The MRT Sungai Buloh Depot (Malay: Depoh MRT Sungai Buloh) is a railway yard and bus garage in U4,Sungai Buloh, Selangor, Malaysia, it is the largest train depot in South East Asia and also the largest service Mass Rapid Transit (MRT) depot in Malaysia serving the MRT Kajang Line and the Putrajaya Line. It is located behind Kwasa Damansara MRT station. The MRT Sungai Buloh Bus depot (Malay: Depoh Bas MRT Sungai Buloh) in also located here on the North East side of the train depot. It is the major Rapid Bus hub in Klang Valley.

==Train Depot Features ==
The Sungai Buloh Train Depot has a loading bay for trains to be loaded or taken away of overhauling, it also has train automatic wash located on the top side of the depot.

==Bus Depot==
The Sungai Buloh Bus Depot is one of the first and main MRT Feeder Bus depot of the MRT Kajang Line Feeder Bus routes in Klang Valley, the other being Kajang Bus Depot together with MRT Kajang Depot.

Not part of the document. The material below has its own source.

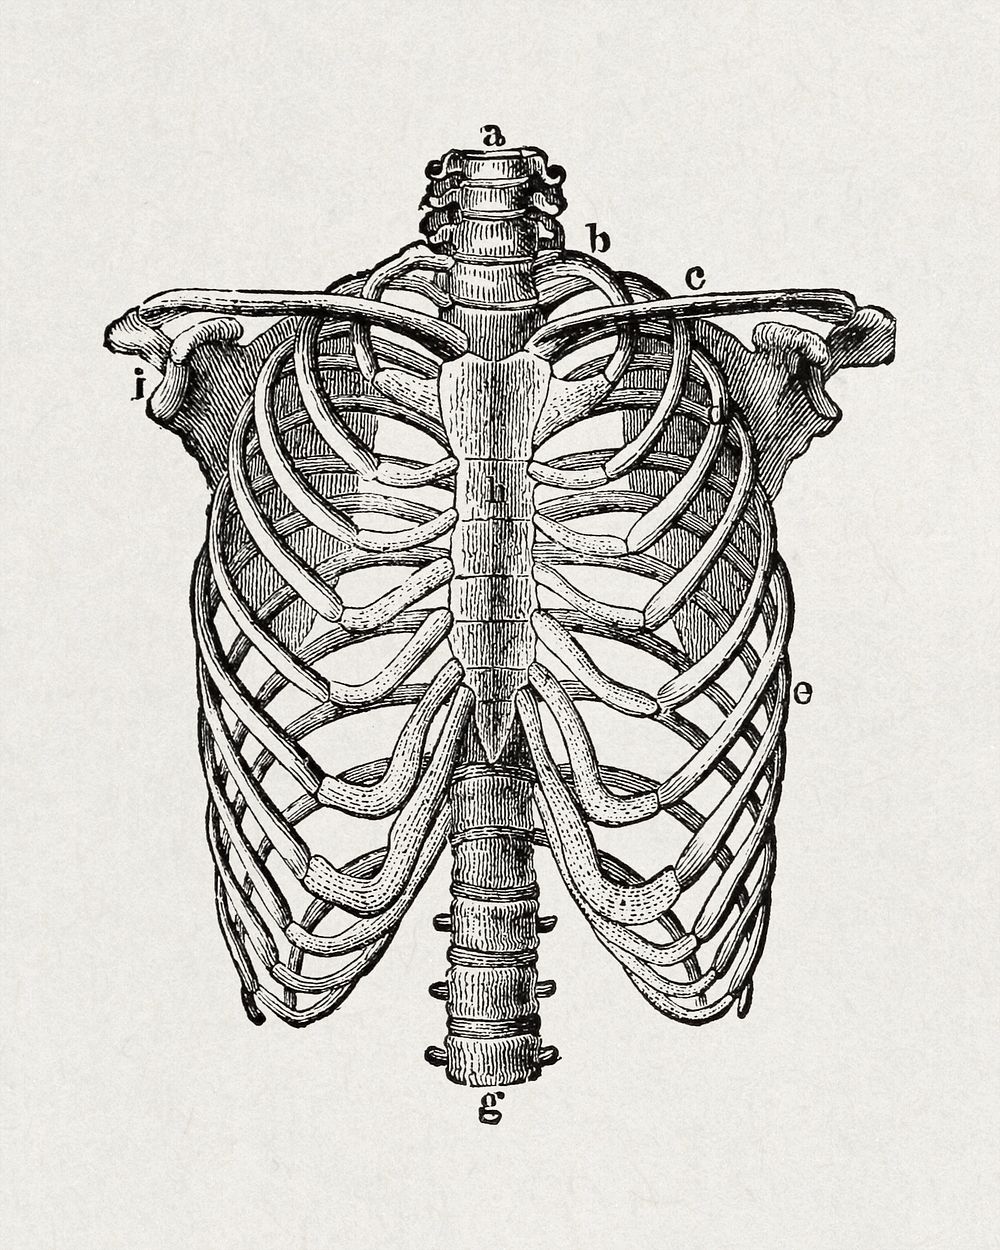 The human body. A beginner's text-book of anatomy, physiology and hygiene (1884), vintage lungs bone illustration. Original…

The depot was built at the site of the Rubber Research Institute of Malaysia(RRIM) estate, near the development project of Kwasa Damansara.

The depot houses a central maintenance facility with overhauling functions for trains of both the Kajang Line and the Putrajaya Line.

It is one of two yards for the Kajang Line, the other being the Kajang Depot, as well as being one of Rapid Rail's six yards in its network, the others being Kajang, Ampang, Kuala Sungai Baru, Subang and Brickfields.